Friday, October 28, 2005

2000 Dead Soldiers Just a "Bogus Number" to Michelle Malkin


With the arrival of the 2,000th U.S. serviceman killed in Iraq this week, the right wing spin machine has gone into overdrive to portray this critical milestone as a meaningless statistic, and nothing more than a partisan ploy by the Democrats to attack the president and criticize the war. Well, they’re half right. You bet your ass we’ll use this number to continue condemning Bush for recklessly sending our troops to die in an unjust, ill-fated invasion of a sovereign nation that posed no real threat to America. But where we differ 1000% from the right is in our strong conviction that the 2,000 milestone is anything but insignificant. Witness conservative pundit Michelle Malkin’s column Wednesday in which she mocks this tragic milestone as a “bogus number.”

“The anti-war left couldn’t wait for the death of the 2,000th soldier in Iraq,” Malkin incredulously claims in her opening sentence, as if the protest movement’s been silent for the first 1,999 casualties. “Peace activists have been gearing up for protests, vigils and other events this week to mark the completely bogus milestone.” She’s building off the Republican talking point of the week, which is that the number 2,000 is no more or less significant than the 500th soldier to die or perhaps the 3,000th who will in the future. But that’s precisely the point that she and the legions of conservative hawks and neo-cons are missing in the anti-war movement: we do not want anymore soldiers to die.

To bolster her position, Malkin quotes an email sent to the media by U.S. Army Lt.-Colonel Steve Boylan, director of the force’s combined press center, to challenge what she calls the left’s use of the 2,000 milestone as a “phony excuse to protest.” In the email, Boylan wrote: “I ask that when you report on the events, take a moment to think about the effects on the families and those serving in Iraq. The 2,000 service members killed in Iraq supporting Operation Iraqi Freedom is not a milestone. It is an artificial mark on the wall set by individuals or groups with specific agendas and ulterior motives.”

Diehard, delusional hawks like Boylan and Malkin just don’t get it that most of the country is now against the war, and the press’s treatment of it has shifted to the negative as well. Unlike the military elite, we are the ones “thinking about the families and those serving.” We are the ones who think 2,000 grieving families is 2,000 too many, and we do not wish to see even one more.

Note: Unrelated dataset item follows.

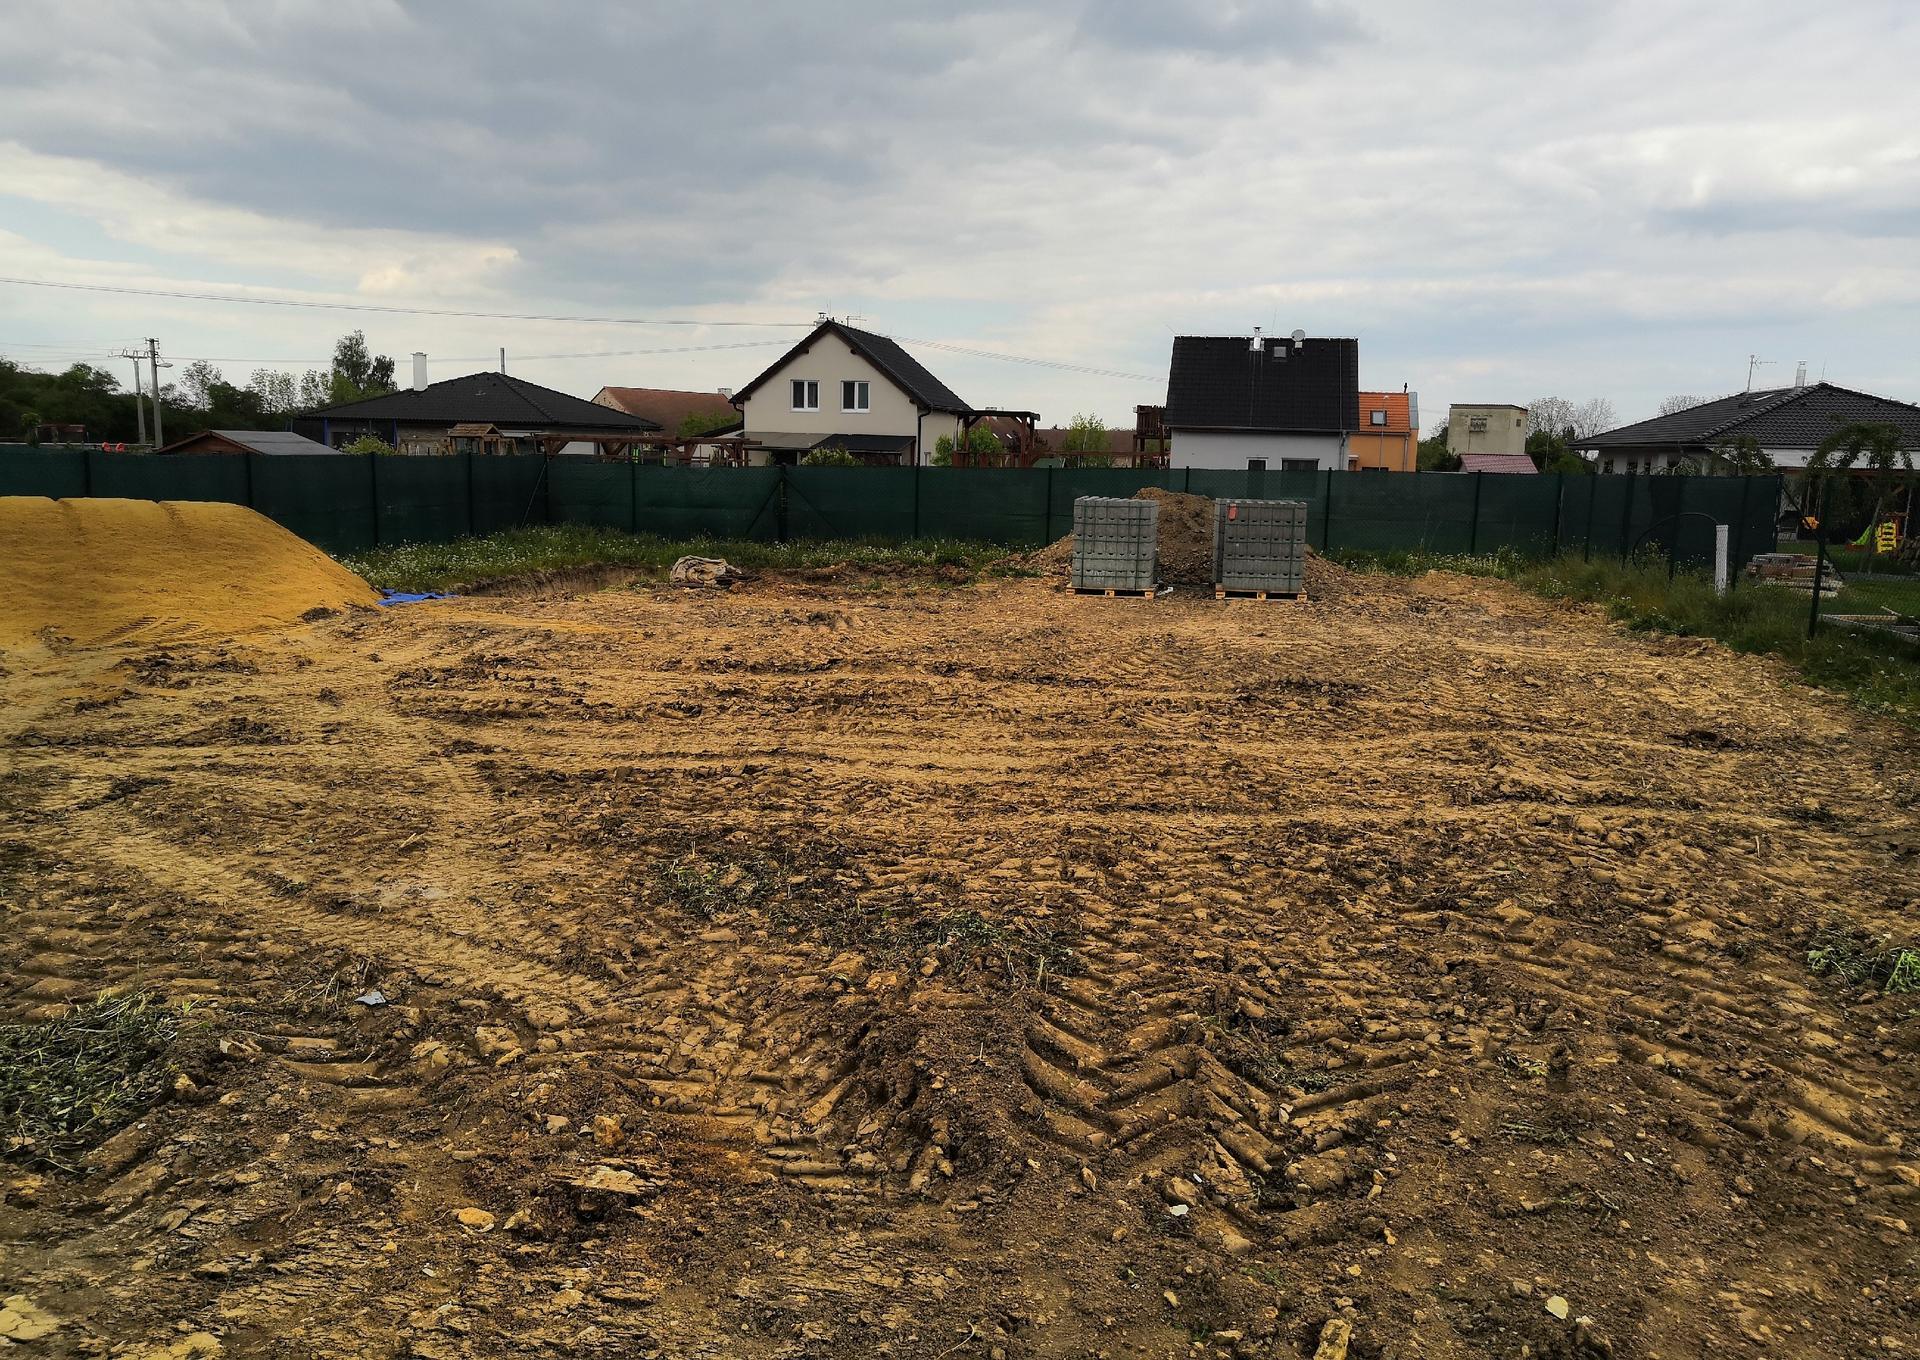 Zahrada na klíč - 15.5.2020 Velká tatra přivezla písek pro betonování bio bazénu a přípravy uvnitř díry můžou začít.

For Malkin to say that the “anti-war left” needs the 2,000 milestone as an “excuse” to protest demonstrates her ignorance over the movement’s increasing popularity and momentum, and is further proof that conservatives like her are grossly out of touch with mainstream America. Worse, relegating the 2,000 dead to a mere political statistic is a dishonor to those who put their trust in Bush and gave their life as a result.

The peace movement did not start with the death of the 2,000th U.S. soldier. Those of us against the war have been sounding the alarm for three years now. We saw Bush’s White House Iraq Group (WHIG) gearing up for war as a distraction and diversion from its failure to capture Osama bin Laden, and we never for a nano-second believed that mushroom clouds at the hands of Saddam ever threatened America’s homeland. We knew there was no WMD, no bin Laden/Saddam connections, and no shot of ever seeing a true Democracy in a country that's likely to be run by radical Islamists. We were against the invasion, we lamented the first soldier’s death, and we now see the number 2,000 as a frightening precursor to untold thousands more. And that is why the number 2,000 is so significant. It’s not for what it represents yesterday or today, but what additional horrors it will bring tomorrow unless the U.S. begins to develop an intelligent and timely exit strategy.

1 comment:

Gouda said...

The only way 2000 pales is when you consider the over 15,000 US soldiers wounded (a life crippled by limb loss or brain damage is a very real loss too), and the up to 70,000 Iraqis killed (!)

I also read that 2000 deaths is more than were lost in Vietnam in the first 4 years (1961-1965, just over 1800 died).